While fixed income markets generally had seemed to coalesce around the "higher for longer" narrative toward the end of the first quarter, mid-March's bank failures called into question the Fed's willingness to follow through on this strategy amid such evidence of systemic fragility, pulling rates lower across the curve. While this notion dominated market action for the next several weeks, rate sentiment began to shift with the Fed's May 3 policy meeting. Though the 25 basis point increase, which brought the federal funds rate target to 5-5.25%, was dubbed by some as a "dovish hike" given the messaging that accompanied it, rhetoric from Fed governors in the days and weeks that followed made it clear there was still work to be done in the fight against inflation.

This was amplified at the central bank's mid-June meeting; though the fed funds rate was left untouched, many considered this a "hawkish pause" in light of Powell's comments and the introduction of a new dot plot showing rates peaking at 5.6% later this year. Indeed, minutes released a few weeks later revealed that a "strong majority…expect that it will be appropriate to raise interest rates two or more times by the end of the year," per Chair Powell. Additional hikes would not come as a surprise; while headline inflation has improved markedly on the back of falling energy and food costs, core inflation remains sticky, reflecting resilient economic activity and a still-strong labor market.

As a result of these shifting narratives, rates have more or less made a round trip over the past four months, with both two-year and ten-year US Treasuries retracing their pre-bank failure levels. In addition to being pricey, capital is being rationed in certain parts of the system, and bank-lending standards have tightened to levels consistent with recession. 3Higher debt servicing and refinancing costs across the loan complex show few signs of easing in the near term, and are likely to be a headwind to free cash flow, interest coverage, and other issuer fundamentals.4

Loan defaults by volume - a backward-looking indicator - have climbed nearly 100 basis points year-to-date and at 1.71% are now within striking distance of the 10-year average of 1.86%. By issuer count, defaults are already running above average. The distress ratio - a forward-looking indicator that reflects loans trading for less than 80 cents on the dollar - eased during the quarter, thanks in part to defaulted loans falling out of the measurement cohort; at 6%, however, the ratio remains well above its five-year average near 3.8%.5 Certain sectors of the market may be particularly vulnerable to default and distress; health care continues to be challenged by high labor costs, for example, while highly levered credits in technology and software are getting hit hard by the higher cost of capital.

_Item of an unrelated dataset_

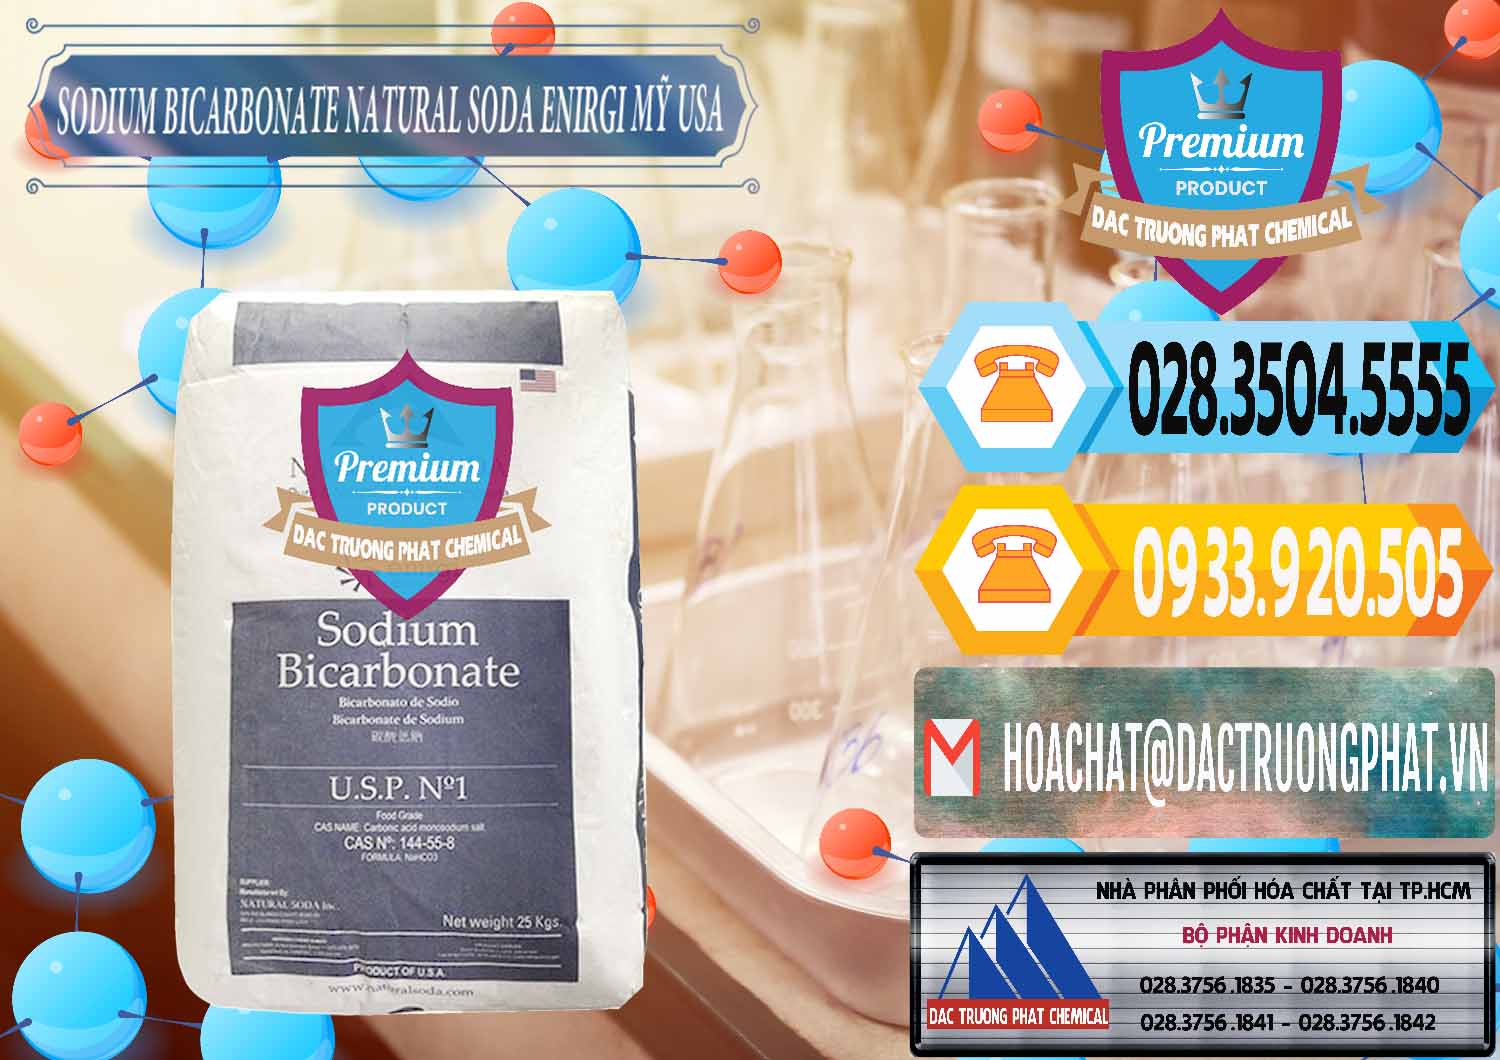 Chuyên phân phối - bán Sodium Bicarbonate – Bicar NaHCO3 Food Grade Natural Soda Enirgi Mỹ USA - 0257 - Nơi chuyên phân phối và nhập khẩu hóa chất tại TP.HCM - hoachattayrua.net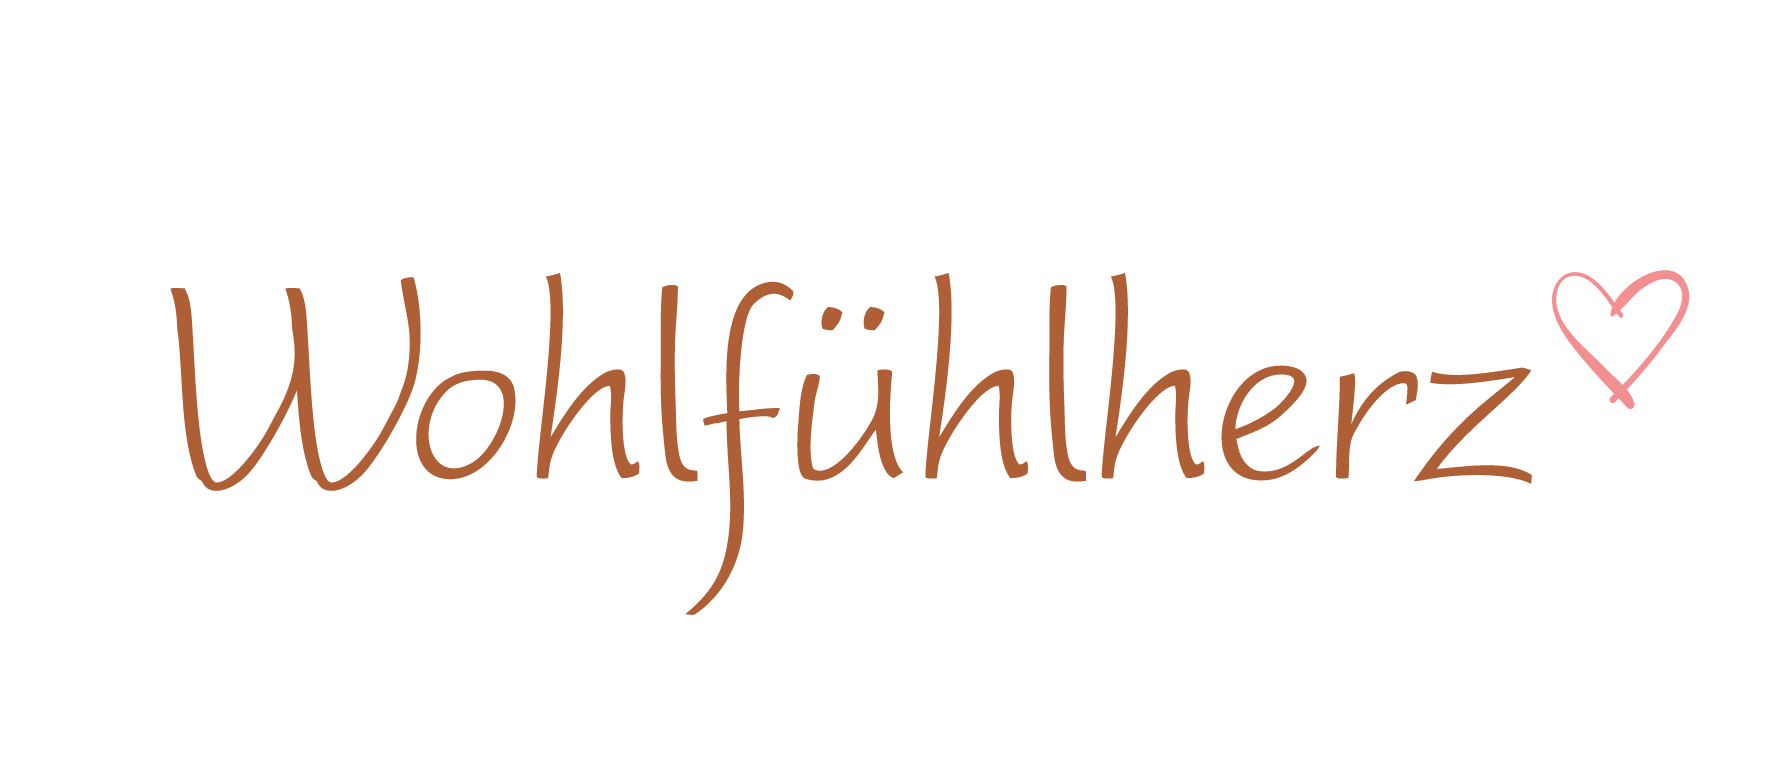 Wohlfuehlherz-Logo lang in Branding-Farben Kupfer und Koralle vor transparentem Hintergrund

Rating agencies, meanwhile, maintained their pessimistic outlook for credit performance going forward, and downgrades outpaced upgrades in June for the 13th consecutive month.6 Lower ratings tend to curb the demand for loans, and a bias toward downgrades typically results in greater price volatility, less new issuance, and more refinancing challenges.

Demand Was Weak, but Enough to Buoy Loan Prices amid a Dearth of Supply

New-loan issuance continued to be sluggish in the second quarter thanks to pronounced volatility and the high cost of capital; the $100 billion issued represents the slowest first half since 2010 and is off 40% from the first six months of last year. Par amount outstanding in the Morningstar LSTA US Leveraged Loan Index contracted by $12 billion, or 0.9%, in the first half of 2023, and secondary market liquidity remained unsurprisingly tight as a result.7

A rebound in equity prices and the uncertain trajectory of the economy have weighed on M&A activity, and the lack of volume has deprived lenders of a key source of capital demand. What new issuance did occur in 2023 was dominated by refinancings and amend-and-extend deals. On the bright side, we believe this has further improved what already was a quite manageable near-term loan maturity wall; the value of loans maturing in 2024 was cut in half while 2025 maturities declined by a quarter. Notably, however, the loans that are coming due in those two years are primarily rated B- or below, a cohort that may face challenges securing finance in what is likely to be a tight borrowing market.8

The lack of collateralized loan obligation (CLO) formation has been a key factor in the tepid demand for loans. With loan prices high and financing expensive, the economics of these structures - particularly in the riskier tranches - is not compelling for investors. Another CLO-related source of near-term consternation for loan demand and liquidity is the unusually large percentage of outstanding CLOs exiting their reinvestment periods between now and year-end. CLOs are structured to have finite lives, and there are guidelines in place that dictate what managers can and cannot buy during the various stages of a CLO's lifecycle. The closing of a CLO transaction is followed by a two to five-year reinvestment period during which the manager may buy or sell loans with few restrictions beyond compliance with deal covenants. The reinvestment period is followed by the amortization period during which cash flows from the CLO portfolio are returned to debt holders in order of priority, followed by the distribution of any remaining proceeds to equity investors. Once a CLO is in amortization, managers are highly constrained in their ability to trade. While fewer than 10% of CLOs typically go out of reinvestment and into amortization during any given quarter, about 40% of the CLO market will do so by the end of 2023.9

The pace of activity in the middle market direct lending space was also sluggish. It's worth noting, however, the private lenders have provided financing for more non-leveraged buyout (LBO) deals - which may include refinancings, add-ons and other M&A activity, and dividends - than the syndicated loan market for the past five quarters. And while private lenders have outpaced syndicated markets in LBO financing for some time, they more recently have begun to underwrite the very large loans that historically would have been the province of the syndicated market. 10 An uptick in M&A activity could provide interesting opportunities for private lenders and their massive amounts of dry powder.

More of the Same

Uncertainty continues to be the primary driver of activity in the leveraged credit markets. Without greater certainty around a range of issues - monetary policy and the tug of war between recession and inflation perhaps chief among them - it's difficult to see a significant rebound in transaction volume. The minimal reaction of spreads to these conditions suggest to us that the incremental reward for additional risk is not terribly compelling.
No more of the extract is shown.